Building for Scale with Terraform and CI/CD
A Solution Architect’s Notebook
This series follows my journey in designing and building a complete, real time data platform on Databricks. It begins as a personal project and evolves as a professional study in architecture, automation, and governance.
Each article focuses on one stage of the build — from setting up infrastructure with Terraform and GitHub Actions to developing streaming pipelines, enforcing quality, and applying Unity Catalog for data governance.
The intent is not to chase speed but to practise discipline, clarity, and design thinking — the habits that define a Solution Architect.
In the first article “Building a Real Time Flood Warning Pipeline on Databricks, an introduction” I explained why I wanted to build something real, a complete data platform that handles live flood warnings from the UK Government. This is the next stage, where ideas turn into infrastructure.
This part of the journey is about creating the foundation that everything else will rest on. I wanted to stand up a Databricks workspace on Azure, automate it properly, and make sure the entire setup could be destroyed and rebuilt with a single command. In other words, start behaving like a solution architect would in a real project.
Starting from a clean slate
I began with an empty Azure subscription and a blank GitHub repository. There was something satisfying about that. It meant that every line of code I wrote would define something that didn’t exist before.
Terraform became my starting point. The goal was to codify everything: the resource group, the Databricks workspace, the tags, the structure. No clicking around in the portal, no hidden configuration, just declarative code.

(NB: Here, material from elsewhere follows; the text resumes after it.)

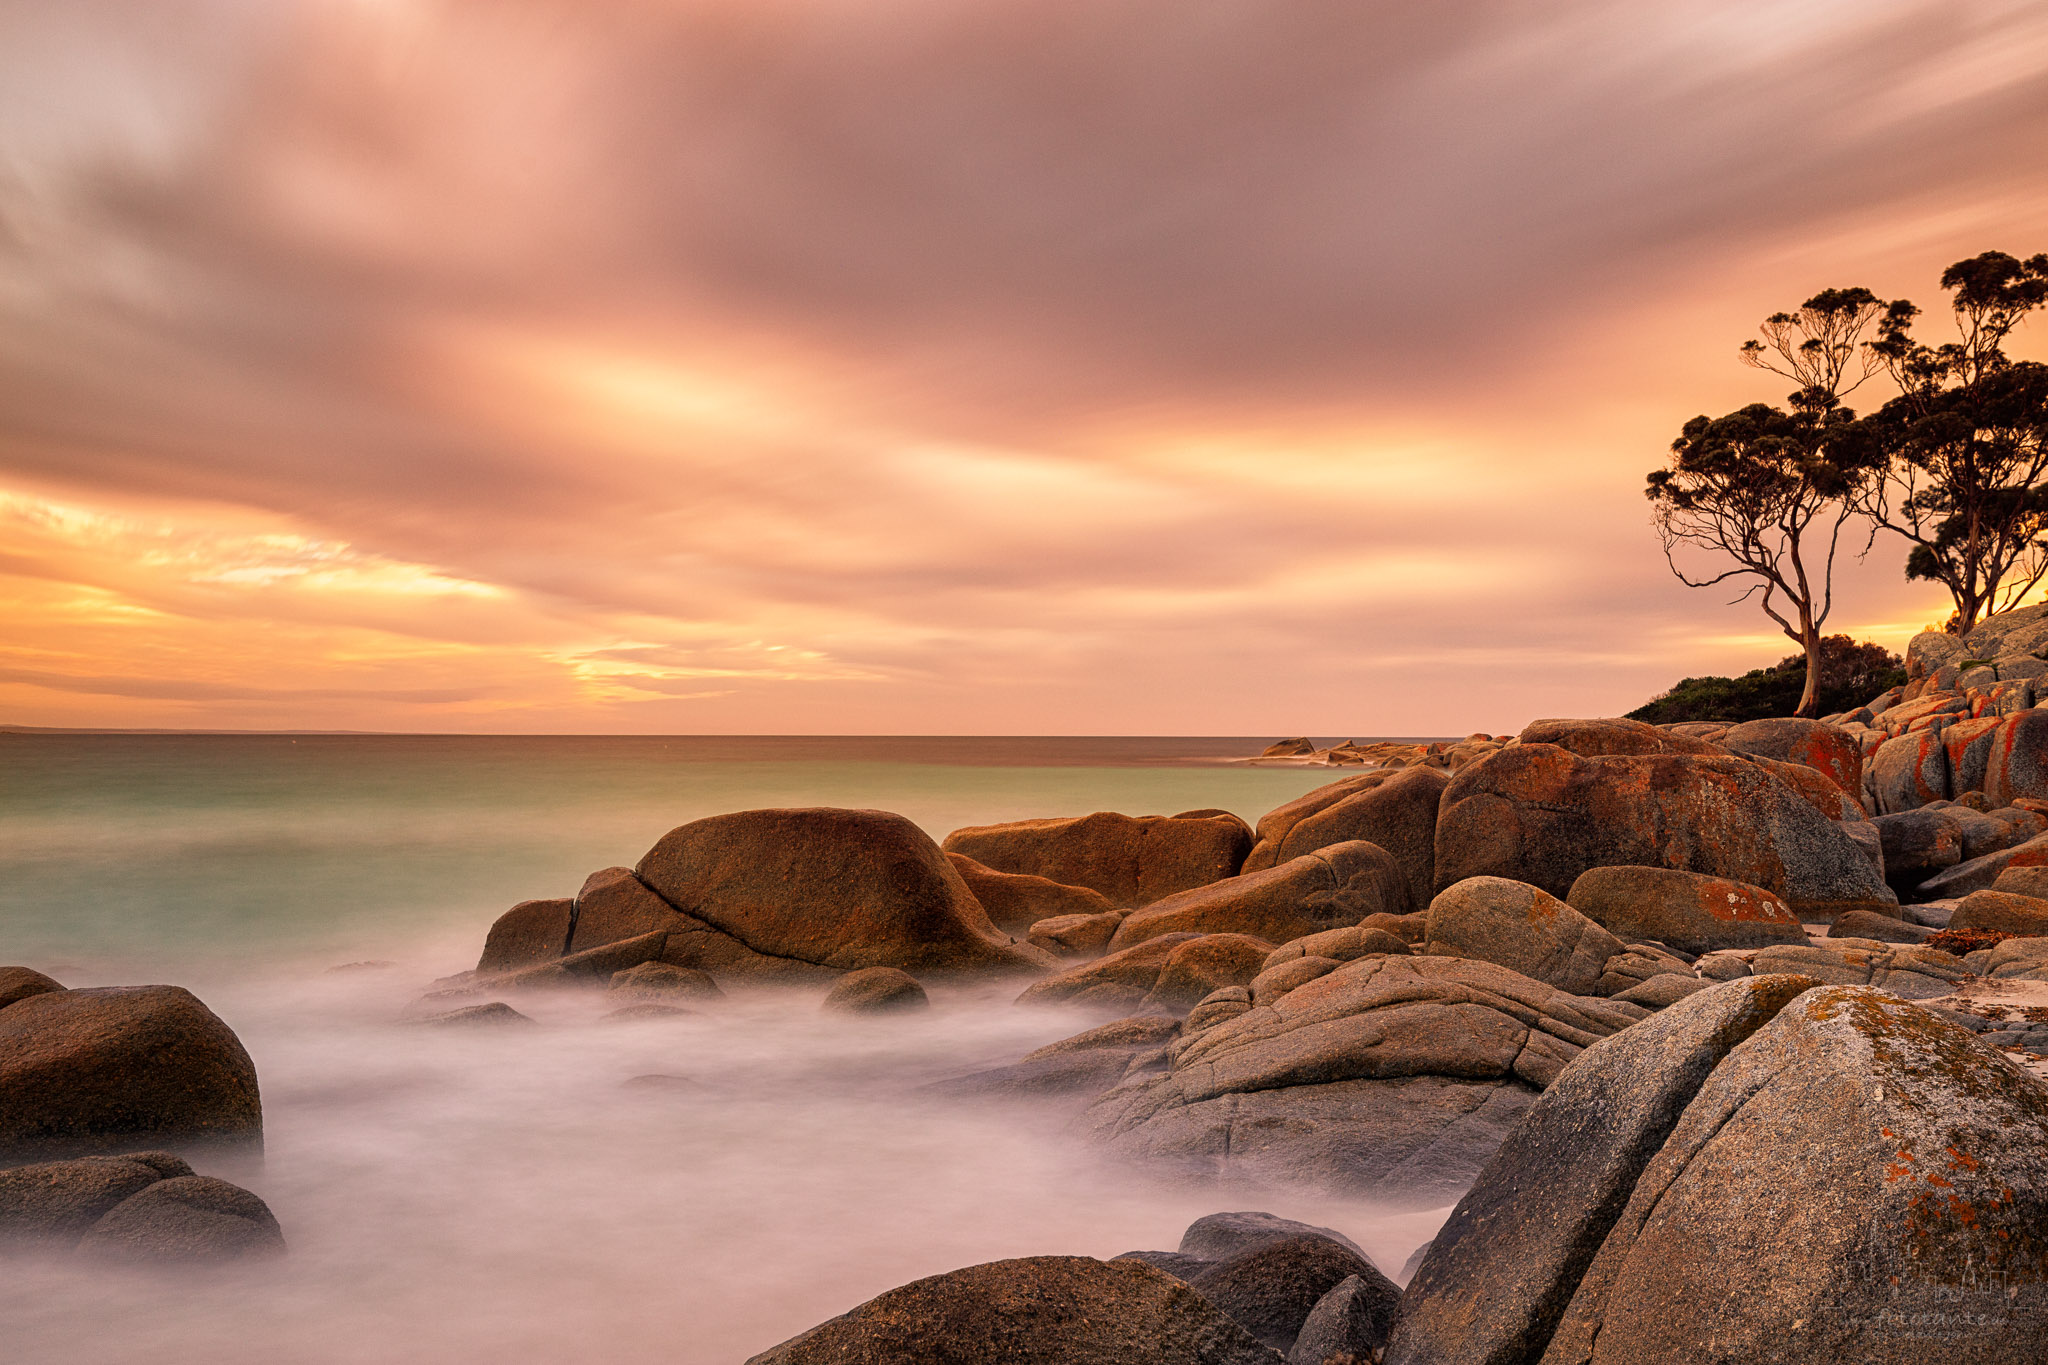 Binalong Bay sunrise, Tasmania, Australia, Australia

I like the feeling of predictability that comes with Terraform. When you run apply, you know exactly what will happen. That predictability is what turns good engineering into architecture.
Defining the environment
The configuration started small and grew carefully. I had a main file for resources, a provider file for configuration, and separate variable and output files. It looked simple, but it had to be exact.

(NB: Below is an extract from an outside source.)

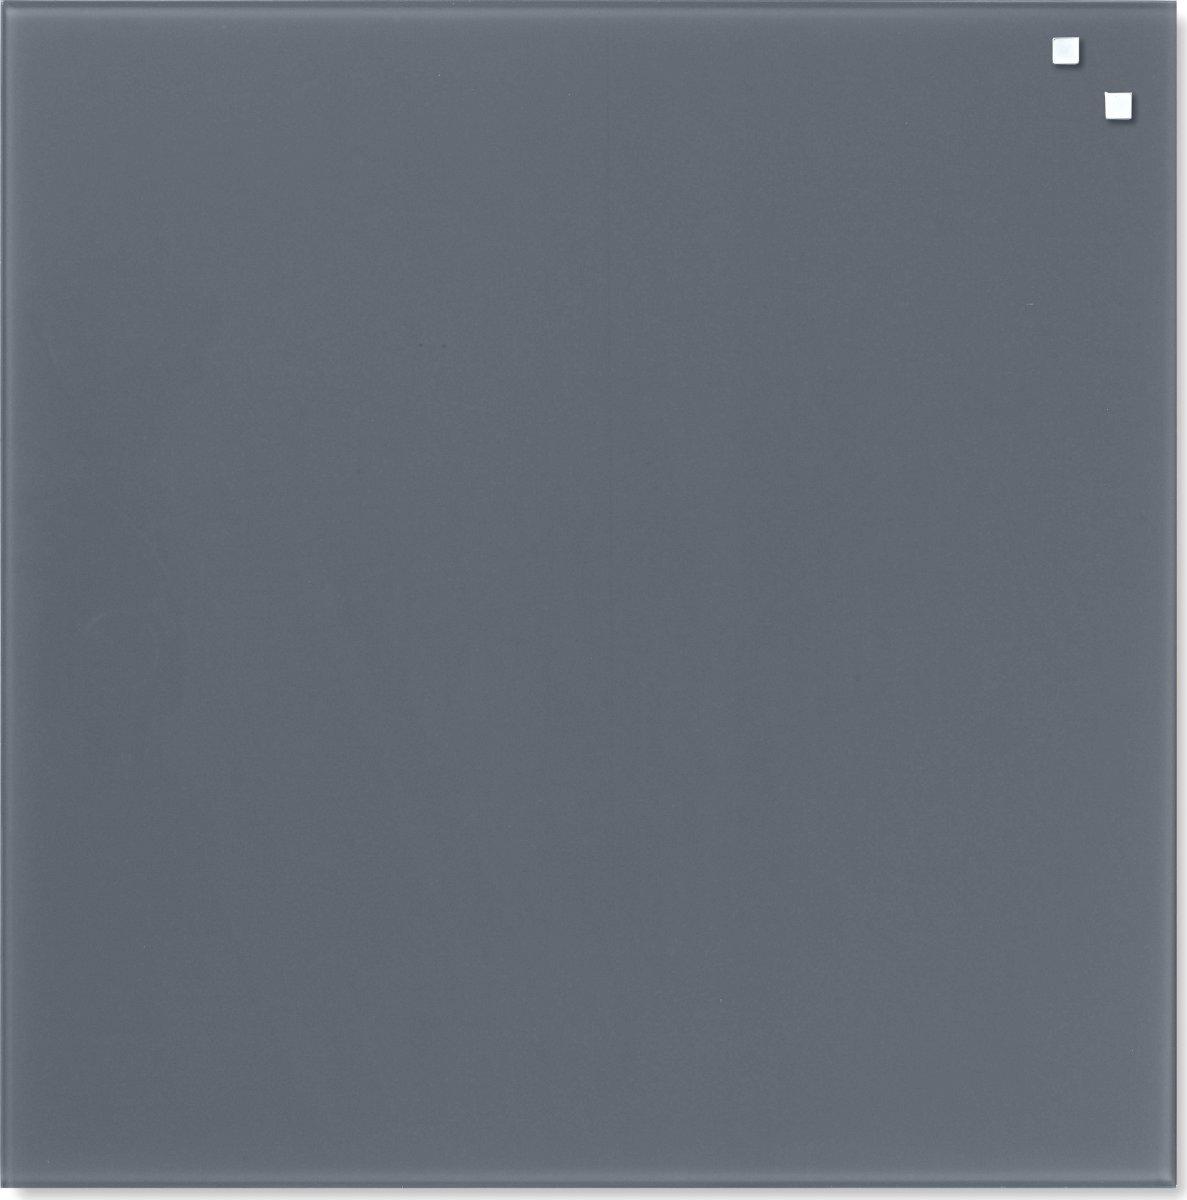 Glassboard magnetisk glastavle 45 x 45 cm, grå

The first challenge came when I needed both the Azure provider to create the workspace and the Databricks provider to manage what happens inside it. It took a few attempts to get those working together without stepping on each other’s toes.

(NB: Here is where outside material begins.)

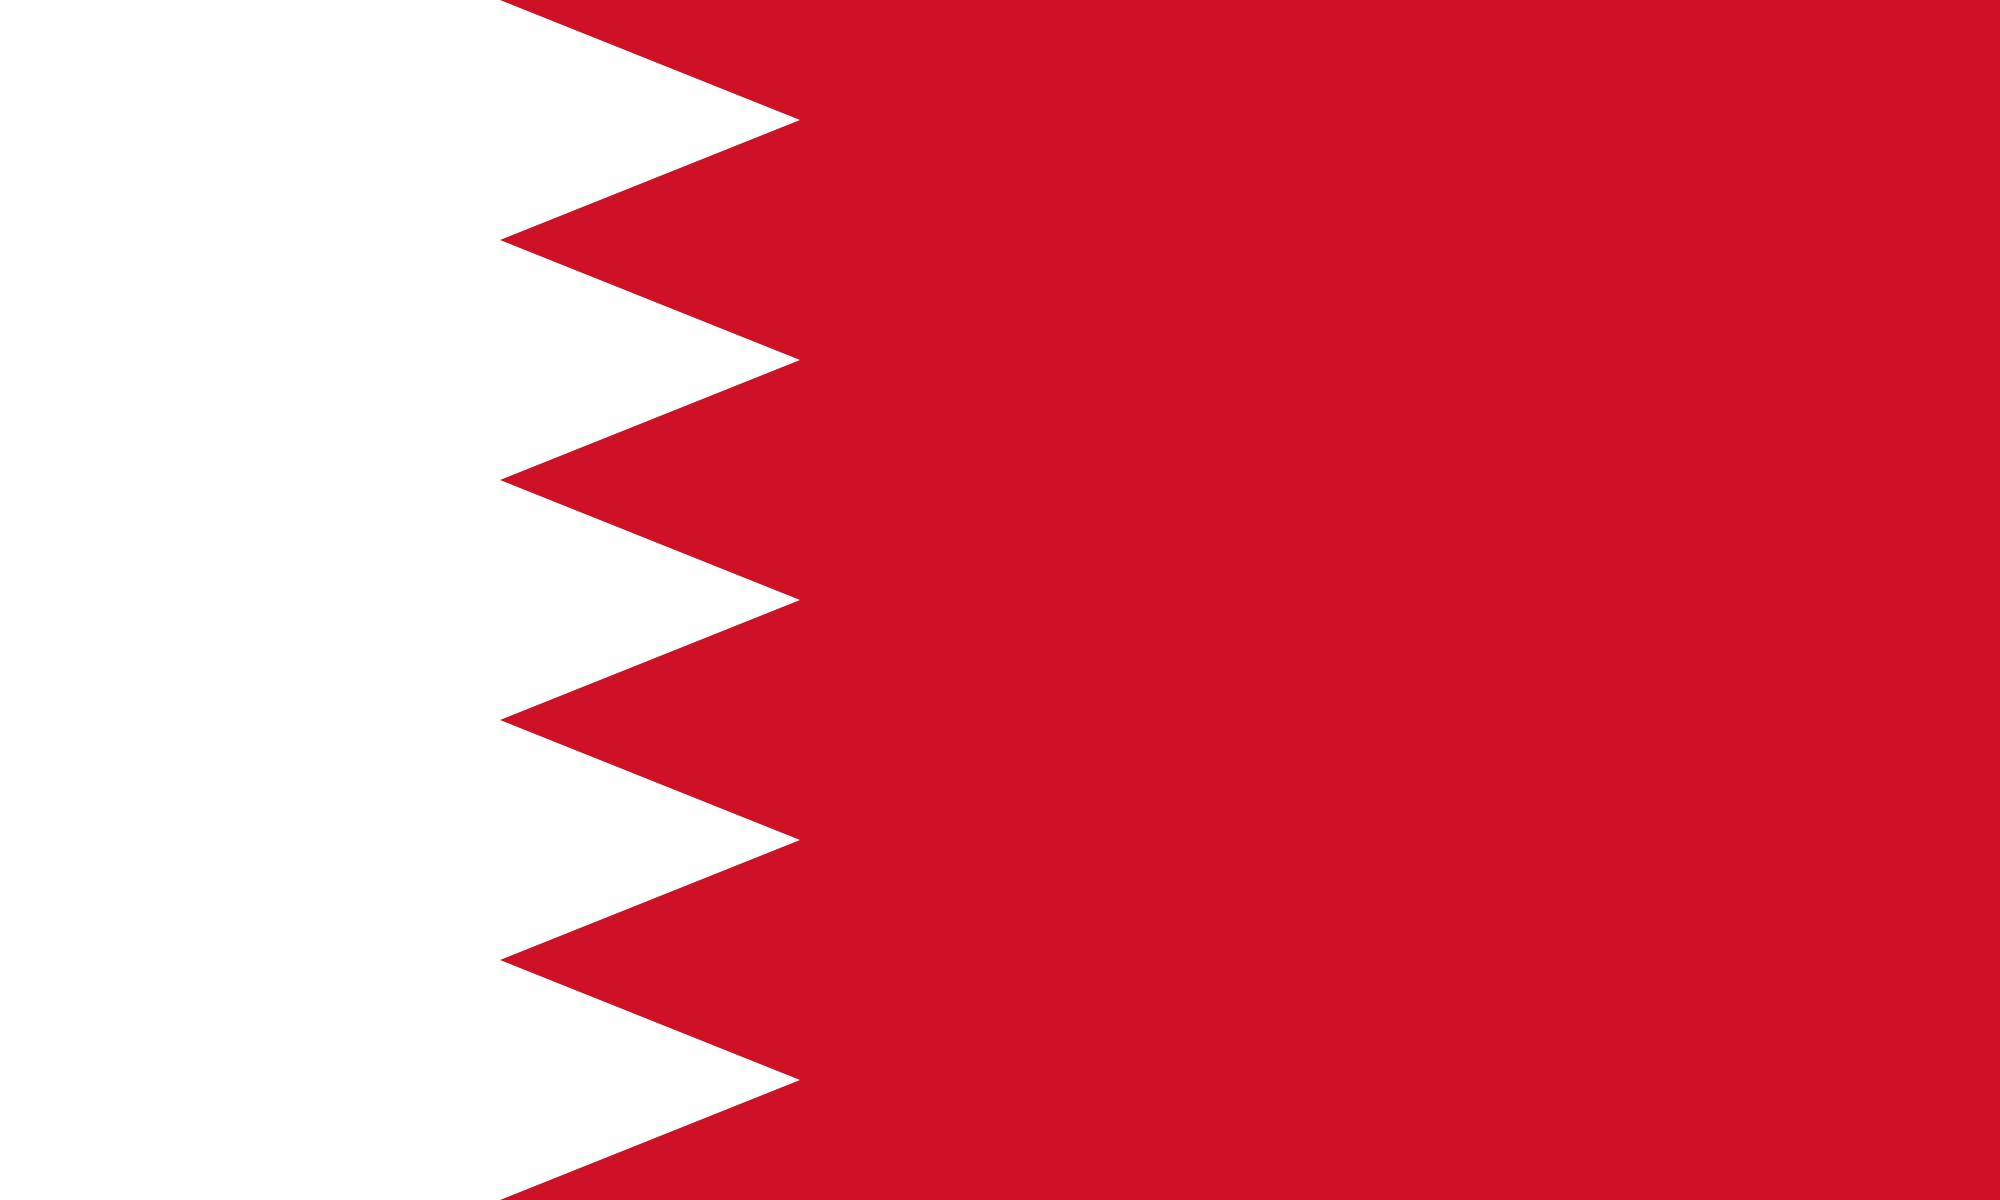 Bahrain PNG

Once it finally applied cleanly, the feeling was immediate relief and quiet satisfaction. Terraform had built the first version of the environment exactly as described.
Automating everything
The next step was automation. I didn’t want to rely on stored client secrets or manual logins. I wanted the workflow itself to authenticate securely every time it ran.
That’s where OpenID Connect came in. GitHub Actions can request a temporary token from Azure, meaning no secrets stored anywhere. It took a bit of reading and a few authentication errors before it clicked. The key was making sure the subject string in Azure matched the environment name in GitHub exactly.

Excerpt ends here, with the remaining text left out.